Philippe Sollers

 

Le seul antimaoïste sérieux

 

 

Mao et Malraux 1965 Mao par Warhol
Mao et Malraux, 1965
Mao par Andy Warhol, 1972

 

 

 

   Mao individu, Mao  sujet  m’intéresse. Cette façon de transformer son corps, dans l’espace et le temps, me semble des plus insolites. Il commence comme une mince jeune fille ramassée, continue avec des airs de prophète sobre dans sa grotte, grossit, insiste sur sa verrue, « signe bouddhique » (selon la belle expression de Malraux), grossit encore et, à ce moment-là, commence à flotter comme un de ces ballons lâchés les jours de fête sur la place de la Paix-Céleste.
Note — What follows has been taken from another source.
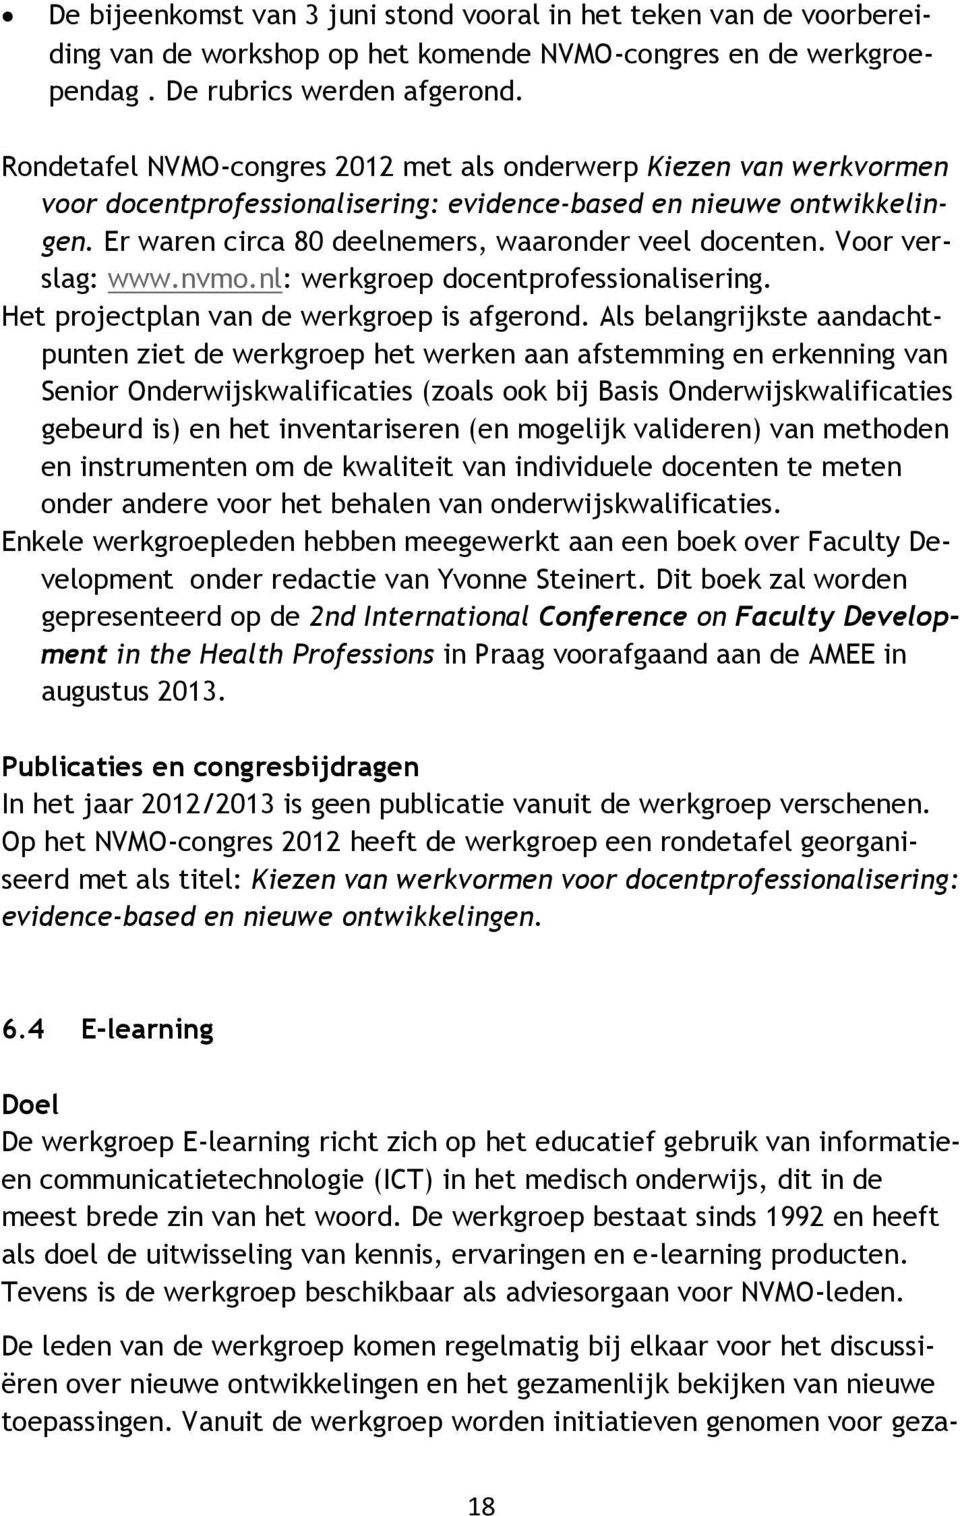 Voor verslag: www.nvmo.nl: werkgroep docentprofessionalisering. Het projectplan van de werkgroep is afgerond.

Et puis, il devient tout simplement une feuille morte. Étonnantes dernières images où il passe au ralenti maximal, à côté de Nixon, de Pompidou, du Pakistanais de service. Mao, technicien du spectacle. La poignée de main, de plus en plus évanescente, détachée, comme s’il disait : « Je vous fais le coup du vide », « Je suis ignorant, je ne connais pas les langues étrangères. » Et c’est vrai, Mao savait qu’il était « peu instruit ». Sauf qu’à ce moment-là on se demande ce que savent exactement les gens présents avec lui sur la scène. Mao parlant d’astronomie avec Bettencourt ! Demandant à Chou si les œuvres de Laplace sont traduites en chinois ! (Il est vrai qu’en chinois cette phrase de Laplace serait épatante : « Si l’on ajoute au mouvement moyen du premier mouvement satellite le double du mouvement moyen du troisième, la somme sera exactement égale à trois fois le mouvement moyen du second. »
)

 

 

  
Mao dans les médias, les bandes dessinées, Mao-Warhol, Mao vestimentaire, Mao  star. 
Autrement dit : un style. Tout le monde est jaloux, c’est un fait de signature, le bruitage augmente ; les transferts s’accentuent. Mao acteur, Mao concis, Mao précis. La dernière boutade de Mao. La dernière phrase de Mao. Deux lignes, et c’est la tempête.